If she stays in the camp, they said, she will develop permanent mental disorders. They recommended she leave immediately. 

For Knud Foldschack, a lawyer representing the girl, and Natascha Ree Mikkelsen, founder of Repatriate The Children Denmark, the fact that repatriating her remains controversial is a tragic indictment of the country’s political system. They’ve been working together to repatriate both her and the dozens of other Danish children who remain trapped in Syria, and have travelled to the camps themselves. 

“It’s really sad,” Mikkelsen told VICE World News over the phone. “It’s terrible that you would risk the lives of small babies and children living in Syrian prison camps. Of course the only right thing is to bring them home and give them the treatment they need.” 

“The Kurds have asked countries like Denmark to please take responsibility,” she added. 

Ultimately, the decision of whether the girl and her family can return remains in the hand of the Danish Foreign Ministry, which so far has remained tight-lipped. In a phone call with VICE World News the Ministry said it does not comment on specific cases. 

The discussion around repatriating the children of people who joined ISIS is not one particular to Denmark. The United Nations has estimated that there are 27,000 children with nationalities from all around the world in the al-Hol prison camp, for example, and called on member states to bring them home. Still, in European nations like Denmark and Belgium the prospect has remained politically unpopular in the wake of the rise of far-right xenophobic populism across the continent. 

Despite the obvious humanitarian reasons to bring children out of a warzone, even national security forces recognise that leaving children like the four-year-old girl in question is probably not a very good idea. 

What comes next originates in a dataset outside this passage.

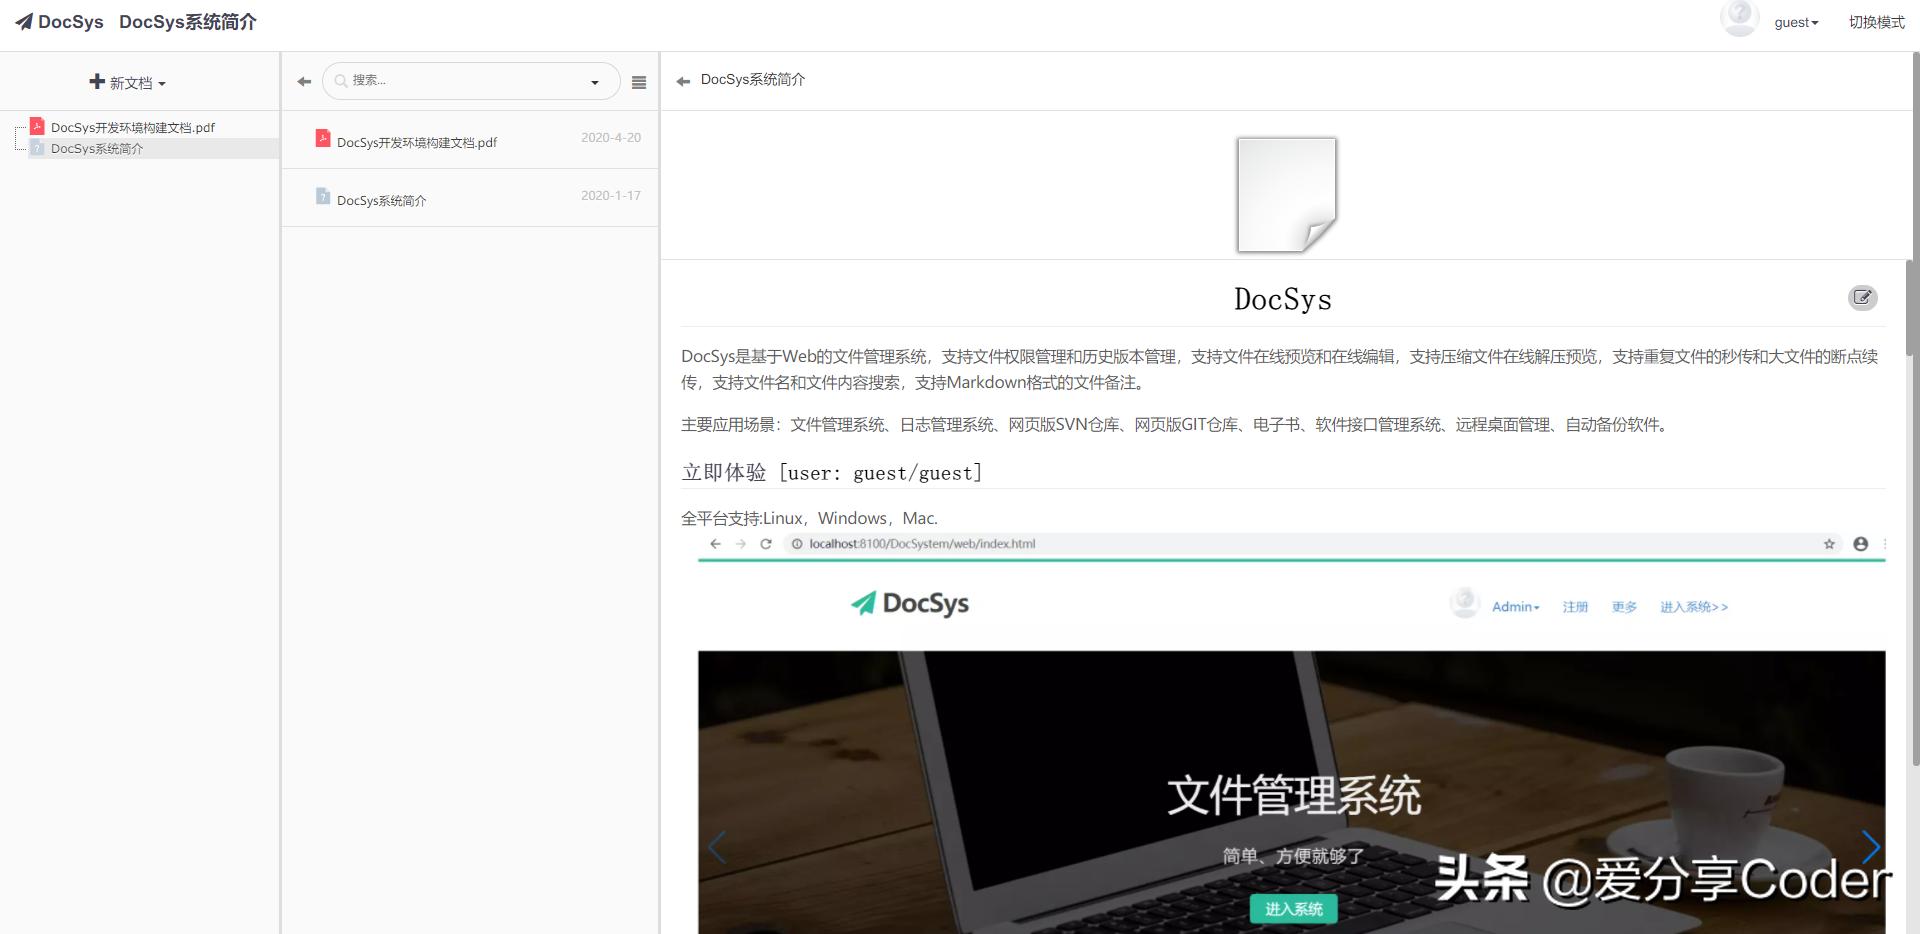 实用开源项目,基于Web的文件管理系统——DocSys

“The Danish Police Intelligence Service has assessed that the children in the camps do not pose a security threat, but that the risk of radicalisation of the children is growing along the time they are spending in the camps,” Stinne Lyager Bech, Head of Policy at Amnesty International’s Danish section, wrote to VICE World News in an email. “They are innocent of whatever actions their families have been taking also if these are terrorist acts or could pose a security threat. Returned family members should be brought to court in Denmark if they are suspected for war crimes or terrorist acts or other forms of illegal conduct.” 

For the time being, however, there is only uncertainty for the girl and other children who have found themselves trapped and often traumatised because of choices they never made and geopolitical forces far larger than them. With political willpower to repatriate them remains weak, lawyers like Foldschack are turning to the law instead. 

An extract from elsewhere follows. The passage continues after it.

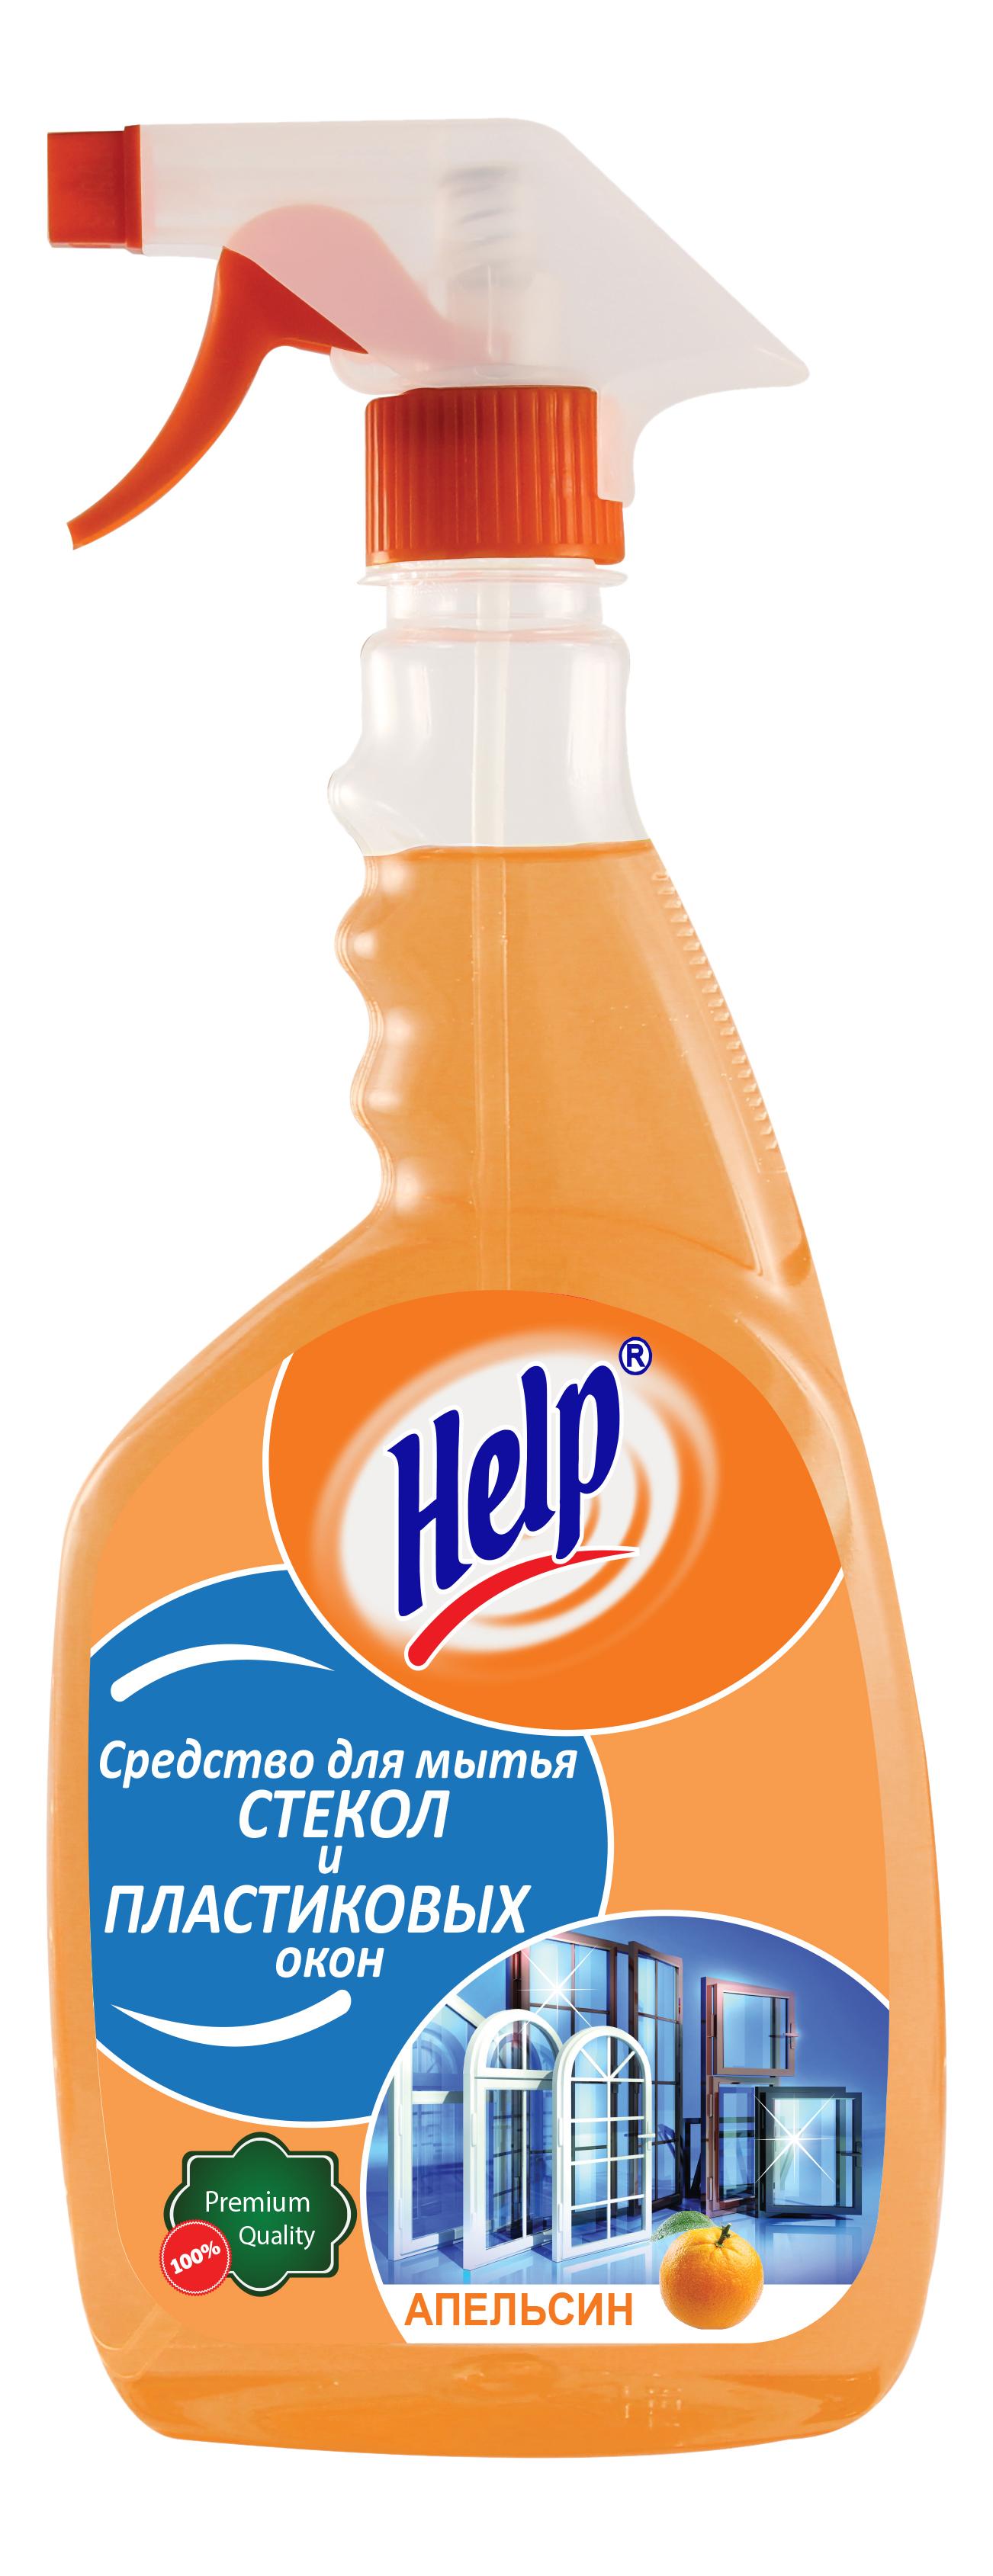 Универсальное чистящее средство Help апельсинс для пластиковых

“The Danish State has stated that in certain cases it will take home the Danish children and women,” he wrote in an email, “and with that I believe that the legal rights of this situation has been clarified, and gives the 4-year-old girl the right to repatriation and healing.” 

“It is only political conditions that prevent a legitimate morally and ethically correct action on behalf of the Danish State,” he added.